Для Андреаса самым тоталитарным в Республике была ее смехотворность. Да, при попытке побега через границу людей несмешно расстреливали, но ему это представлялось скорее неким диковинным геометрическим феноменом, разрывом между плоской двумерностью Востока и объемной трехмерностью Запада, который надо было принимать во внимание, чтобы математика не вышла тебе боком. Если же не приближаться к границе, худшее, что с тобой могло произойти, это слежка, арест, допросы, тюремный срок и испоганенная жизнь. При всех неудобствах, какие это доставляло человеку, смягчающим началом служила глупость всей большой машины – нелепый язык со ссылками на “классового врага” и “контрреволюционные элементы”, абсурдная приверженность юридическому протоколу. Власти никогда не шли по легкому пути: просто продиктовать тебе признание или отречение, а потом вынудить тебя подписать или подделать твою подпись. Нет, им нужны были фотографии и аудиозаписи, аккуратно оформленные дела, ссылки на “демократически” принятые законы. Что-то до боли
Наряду с общей парадоксальностью его положения (атеист, он пребывал, так сказать, в лоне церкви), иронию порождал и более частный парадокс: он зарабатывал на хлеб, консультируя подростков из группы риска, – а кто в Восточной Германии мог похвастаться более привилегированным, более благополучным детством, чем у него? Ныне же, повзрослев, он проводил в подвале пасторского дома групповые и личные собеседования, давал подросткам советы, как избавиться от сексуальной неразборчивости и алкогольной зависимости, как справиться с домашними неурядицами и стать более полезным членом общества – общества, которое он презирал. Свою работу он делал хорошо: умел возвращать подростков в школу, находил им подработку в сером секторе экономики, направлял к надежным соцработникам из государственных служб – словом, как это ни парадоксально, сам стал вполне полезным членом этого самого общества.

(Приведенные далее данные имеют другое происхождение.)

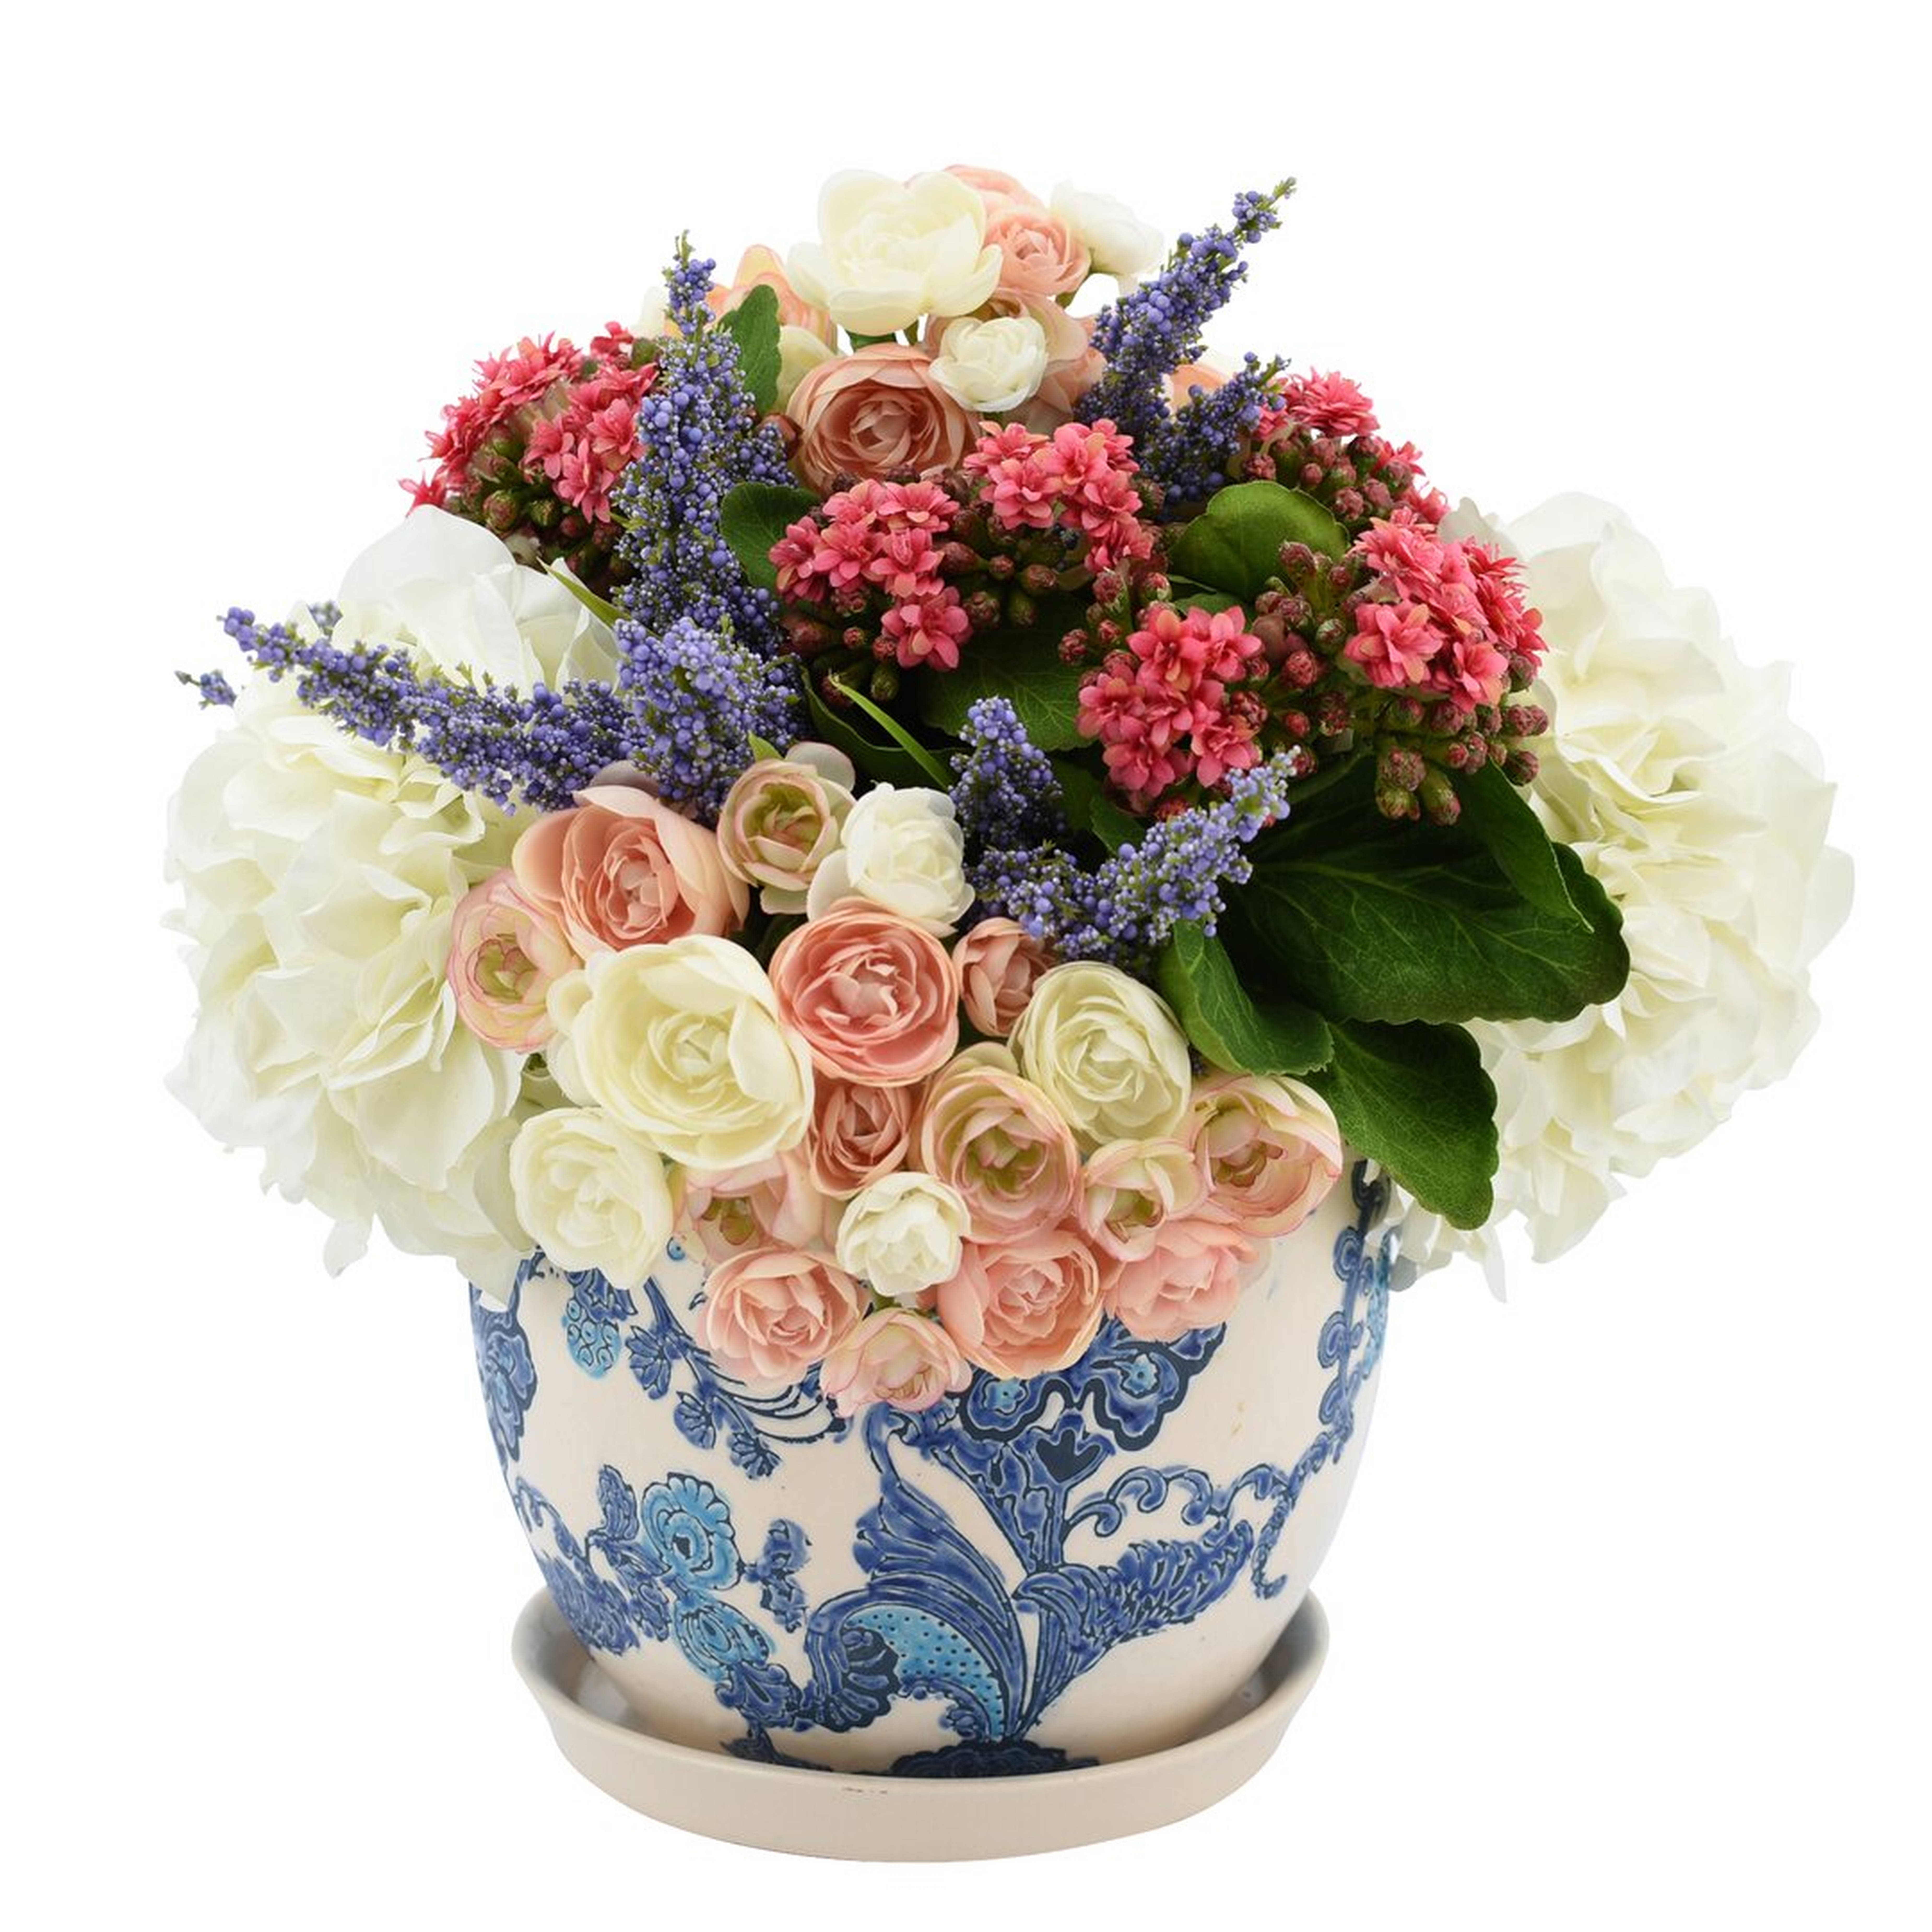 "Creative Displays, Inc. Assorted Ranunculus and Hydrangea Mixed in Vase" - Perigold

Видя в нем человека, павшего с высоты привилегий, подростки доверяли ему. Их проблема была в том, что они принимали все слишком близко к сердцу (саморазрушительное поведение – признак чересчур серьезного отношения к себе), и говорил он им, по сути, вот что: “Посмотрите на меня. Мой отец – член ЦК, а я живу в церковном подвале; но хоть раз вы меня серьезным видели?” Это неплохо работало, хотя вообще-то не должно было: ведь, по правде говоря, он, живя в церковном подвале, сохранил немало от былых привилегий. Он порвал все связи с родителями, но в обмен на этот добрый поступок они защищали его. Его ни разу не арестовали, как арестовали бы любого из его подверженных риску подопечных, позволь он себе то, что позволял себе в этом возрасте Андреас. И все-таки он им нравился; они прислушивались к нему, потому что он говорил правду, а они изголодались по правде, и им было наплевать, откуда у него взялась привилегия так свободно рассуждать. На риск, сопряженный с его деятельностью, государство, похоже, готово было пойти; он был фальшивым маяком честности для сбитых с толку и трудных подростков, для которых его притягательная сила становилась, однако, новым источником риска. Девушки чуть не в очередь выстраивались у его двери, чтобы ему отдаться, и тем, которые убедительно заявляли, что им уже больше пятнадцати, он помогал с пуговицами. Здесь тоже, конечно, была своя ирония. Он оказывал государству ценную услугу, заманивая асоциальные элементы обратно в загон, говоря правду и вместе с тем предостерегая их от того, чтобы говорить ее самим, и получал за эту услугу плату юной плотью.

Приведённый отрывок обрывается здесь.